Subject: size(sparse matrix) > size(full matrix)

From: Bruno Luong

Date: 17 Sep, 2009 12:20:21

Message: 8 of 17

You may consider to store 2*A as int8/uint8 arrays. But many operations will not supported. If that's problem, using SINGLE instead of DOUBLE.

Bruno

Subject: size(sparse matrix) > size(full matrix)

From: Steven Lord

Date: 17 Sep, 2009 13:22:01

Message: 9 of 17


"arun" <aragorn168b@gmail.com> wrote in message
news:3f28c1c1-af9b-458a-a802-25e66f1bc1bb@p15g2000vbl.googlegroups.com...
> On Sep 17, 1:10 pm, "Bruno Luong" <b.lu...@fogale.findmycountry>
wrote:
> > Rune Allnor <all...@tele.ntnu.no> wrote in message
> > <a56978d9-99f2-4ff6-8073-a77ab61bb...@o21g2000vbl.googlegroups.com>...
> >
> > > Sparse matrices are not used to gain speed, but to save
> > > space.
> >
> > Wrong, many linear algebra algorithms are designed to gain speed with
> > sparse matrix since Matrix-vector product is much faster than for full
> > matrix. That lead to the class of iterative method (gradient conjugate,
> > GMRES, Lanczos, etc...) that is suitable when working with sparse
> > matrix. The full matrix is not even competitive, even for speed.
> >
> > Bruno
>
> Bruno,
> Yes, its true, however I see that when operations involving sparse-
> matrices result in a more-or-less full matrix (as in my case at some
> intermediate point), it becomes slow. But as Rune pointed out, my data
> set is quite huge 1200 * 312000. So I had to split them and I thought
> I could also save more space by storing sparse as my calculations are
> faster already and shouldn't take much *even if* sparse makes it
> slow.

What types of operations are you doing on this sparse matrix? If you're
working along the rows, I recommend you store your matrix transposed and
work down the columns. The size in memory of a sparse matrix depends on the
number of columns in the matrix, not the number of rows, and due to the way
it's stored in memory retrieving a column of a sparse matrix is likely to be
faster and more efficient than retrieving a row.

--
Steve Lord
slord@mathworks.com
comp.soft-sys.matlab (CSSM) FAQ: http://matlabwiki.mathworks.com/MATLAB_FAQ

Subject: size(sparse matrix) > size(full matrix)

From: Sebastiaan

Date: 17 Sep, 2009 14:05:24

Message: 10 of 17

Dear Arun,

Another issue can be the dimensions of your matrix. But first I question the sparsity of your current matrix.

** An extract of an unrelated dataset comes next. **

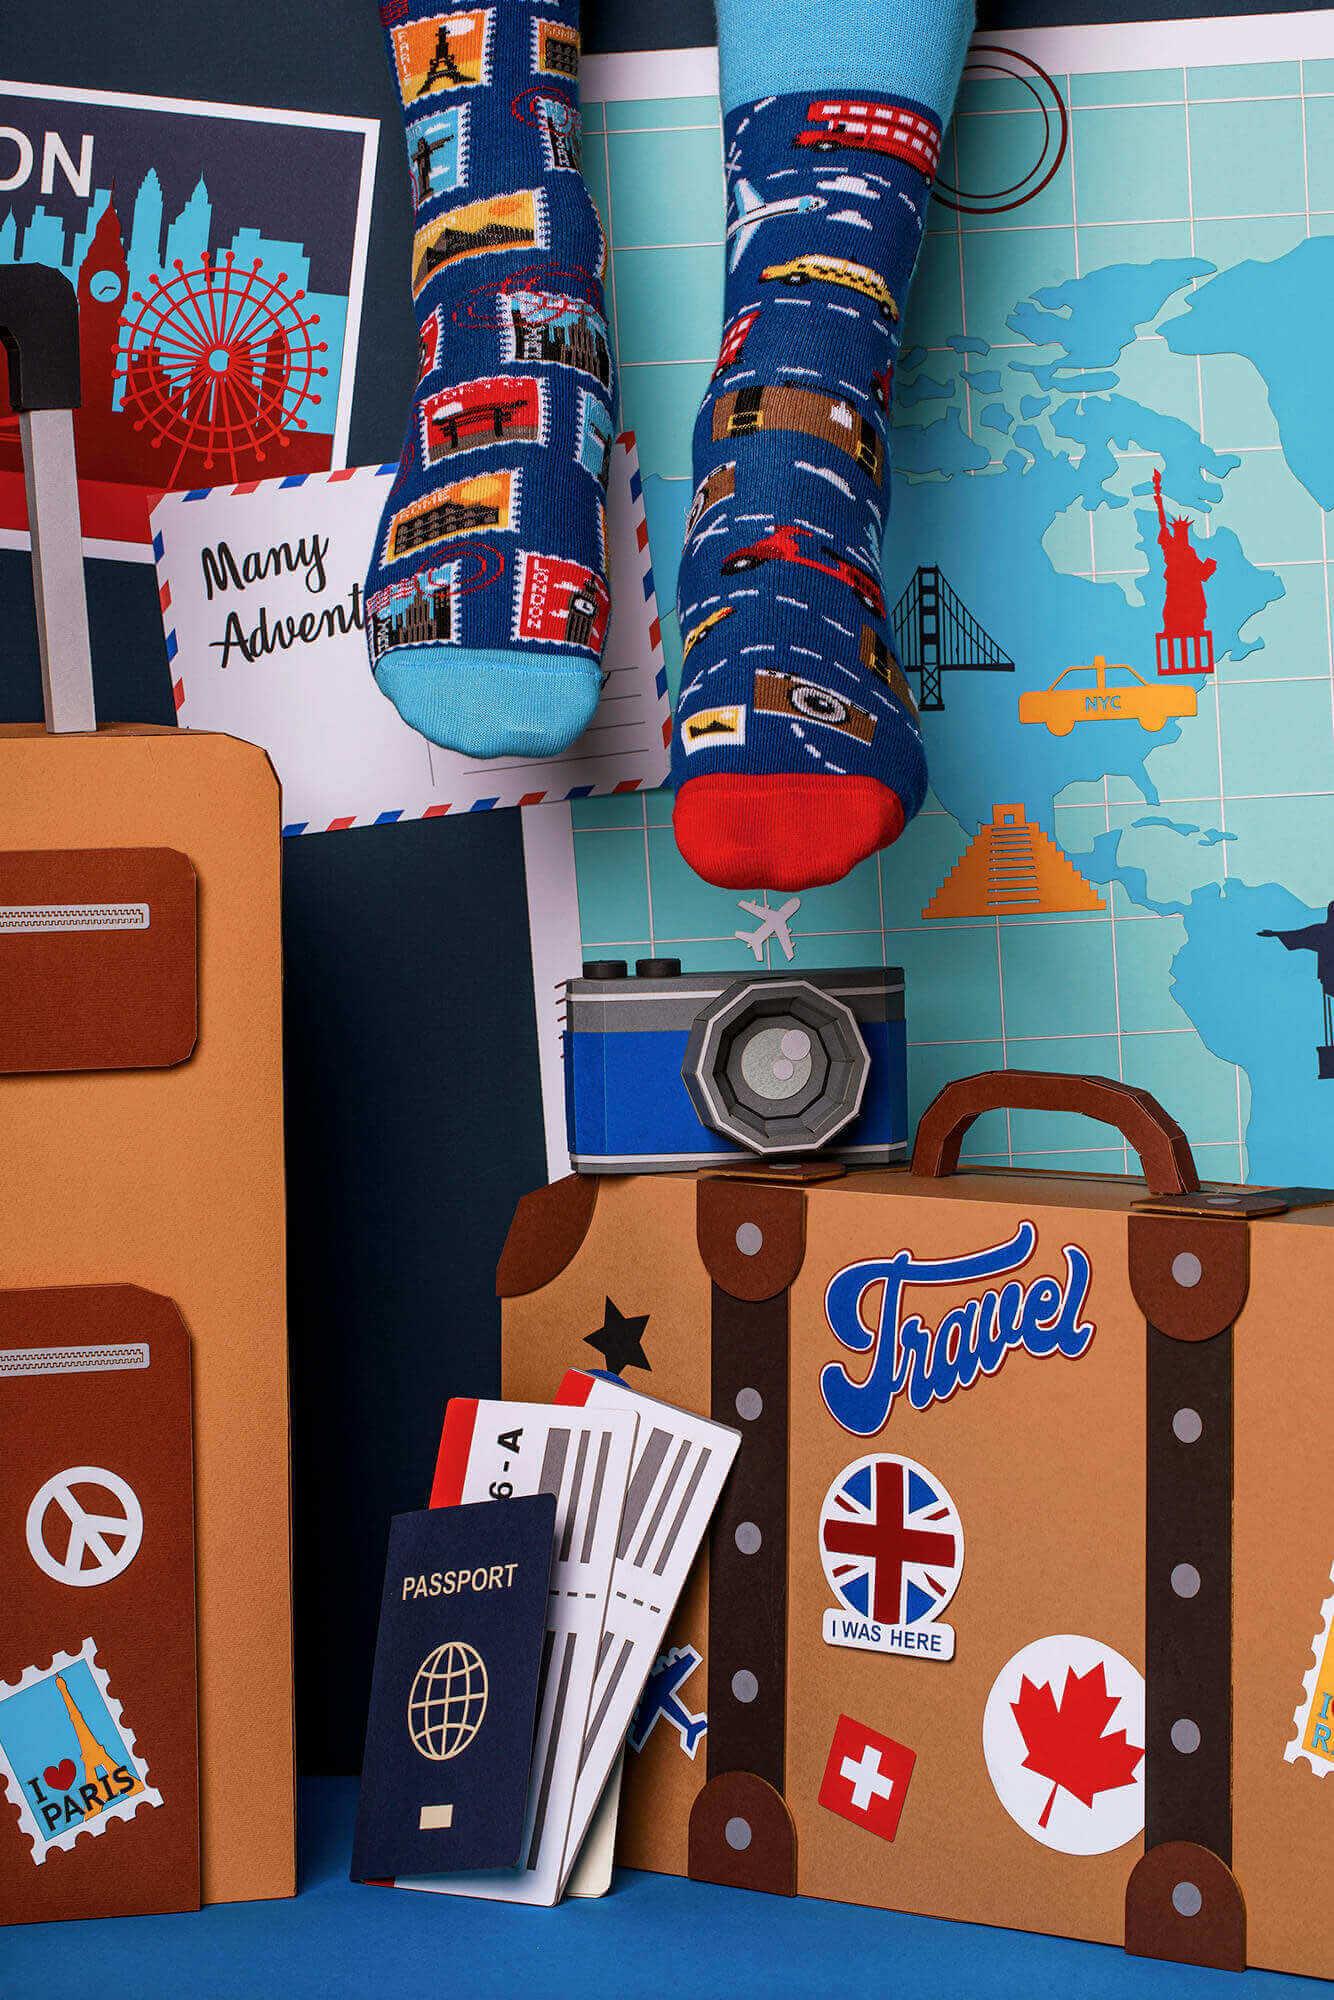 THE TRAVELER - Skarpetki dla podróżnika

This is going to be a long reply, so try to keep up.


1) To be more precise, let me explain how matrices are stored exactly.

Matlab stores the matrix in the compressed column storage (CCS) format. This consists of 3 vectors:
IA:
column pointer
length: #columns + 1
type: unsigned long int (8 bytes) (or int on 32 bits machines, 4 bytes)

JA:
row pointer
length: #nonzero elements
type: unsingled long int (or int on 32 bit)

NA:
numerical values
length: #nonzero elements
type: double (8 bytes)

So, assume you have 100 000 nonzero's, the memory usage in your case would be:
(39000 + 1)* 8 + 100000 * 8 + 100000 * 8 = 1.8MiB

Whereas stored as a full matrix:
 1200 * 39000 * 8 = 357 MiB.

2) It looks like you have a matrix which is 100% sparse (i.e. no dedicated nonzeros). You say your sparse matrix uses 760MiB? Using the formula above backwards:
( 760MiB/8 - 39001 )/2 ~ 50e6 elements, equal to a full storage (1200*39000).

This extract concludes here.